#### [Exercise directions]
This task calls for the lines below starting at the one containing "hecht international Insektenschutz-Vorhang" and ending at the one containing "Lars Thulin forlater", repeated exactly with both ends kept and pictures left out.

#### [Extracted information]
____
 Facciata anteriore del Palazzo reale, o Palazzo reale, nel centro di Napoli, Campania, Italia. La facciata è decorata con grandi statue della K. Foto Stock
____
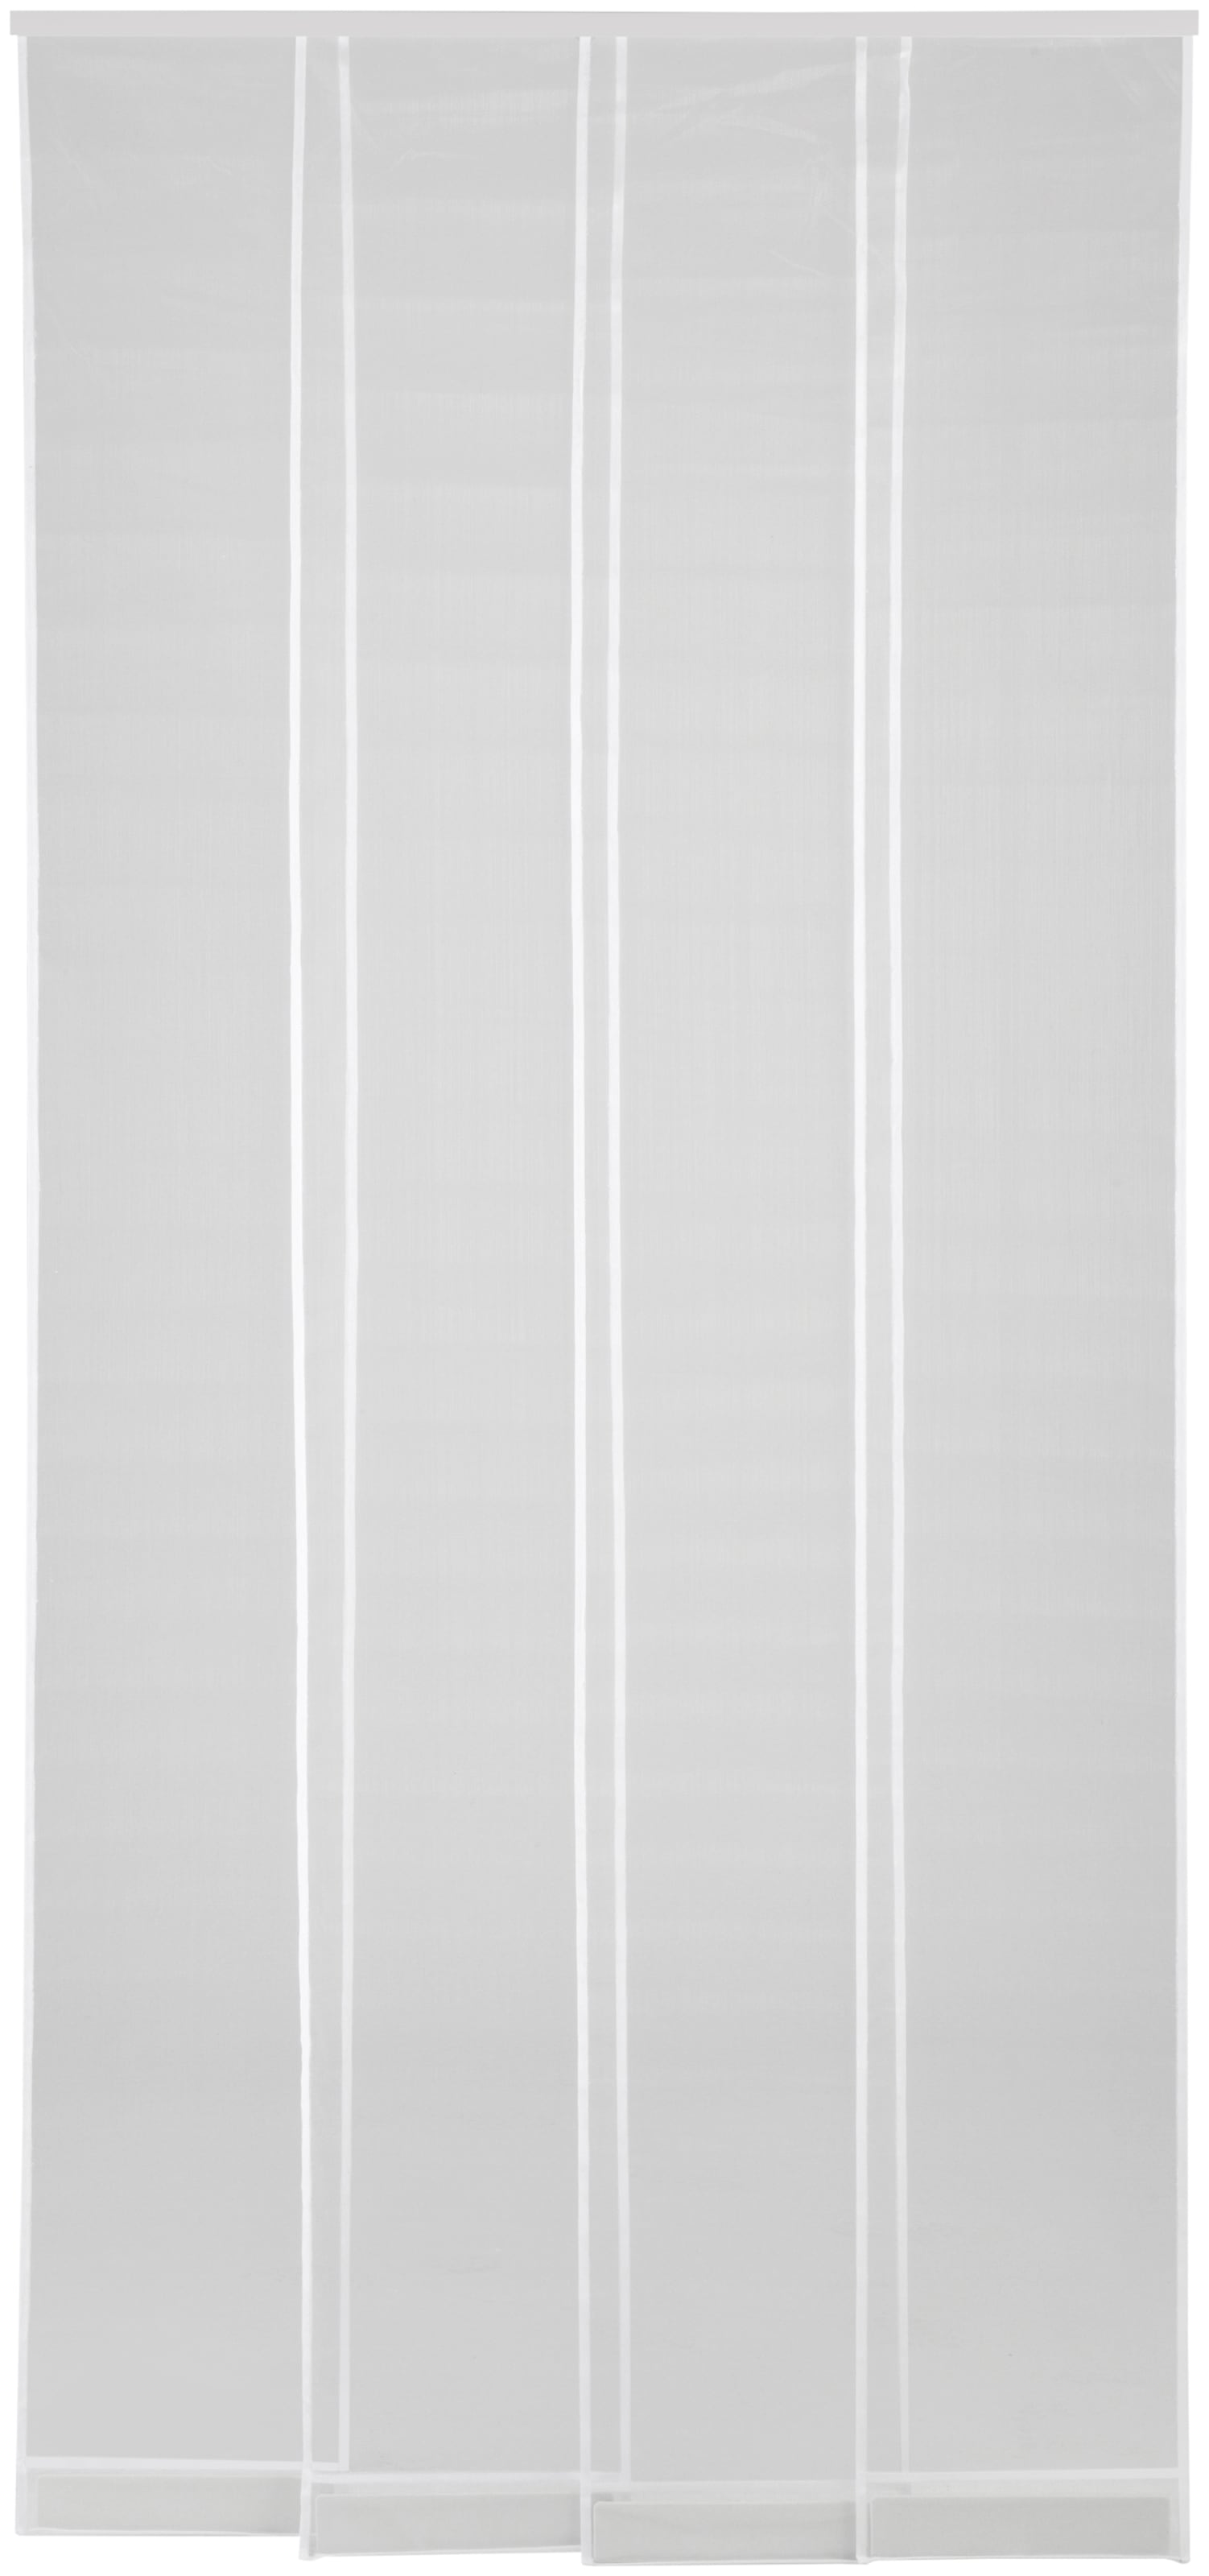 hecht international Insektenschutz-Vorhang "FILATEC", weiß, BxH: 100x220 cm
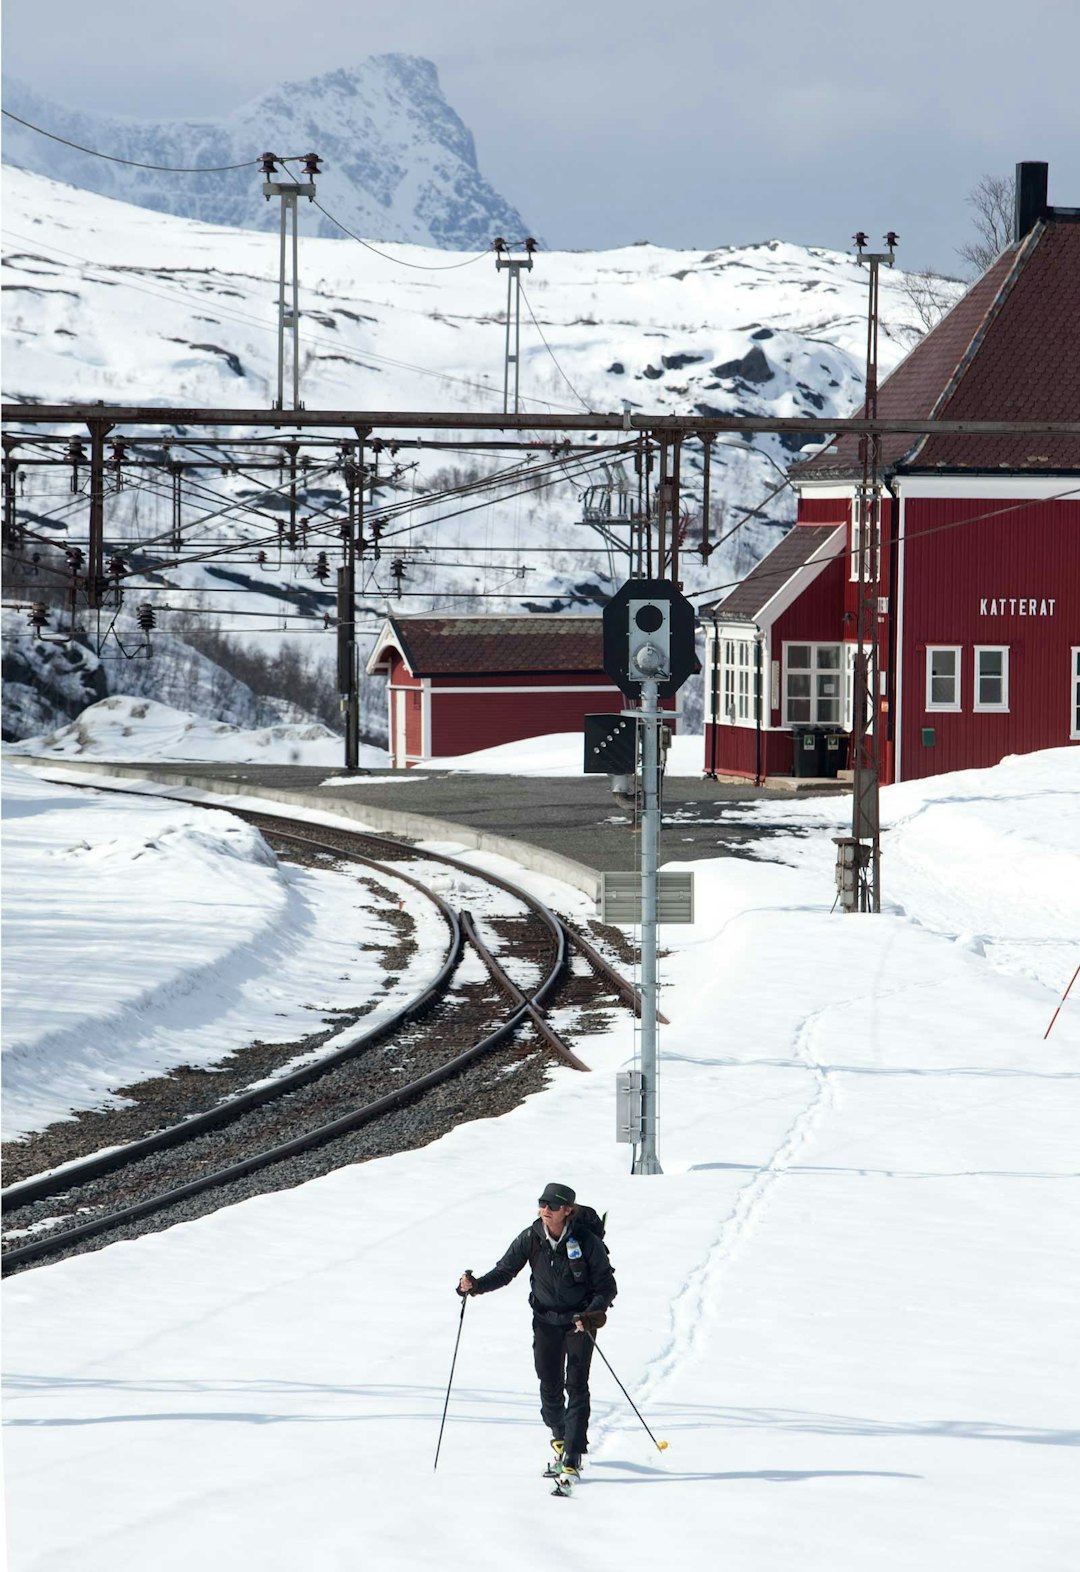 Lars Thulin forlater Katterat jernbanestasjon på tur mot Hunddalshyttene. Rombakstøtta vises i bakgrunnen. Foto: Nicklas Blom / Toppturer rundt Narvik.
____
#### [Expected answer]
 hecht international Insektenschutz-Vorhang "FILATEC", weiß, BxH: 100x220 cm
 Lars Thulin forlater Katterat jernbanestasjon på tur mot Hunddalshyttene. Rombakstøtta vises i bakgrunnen. Foto: Nicklas Blom / Toppturer rundt Narvik.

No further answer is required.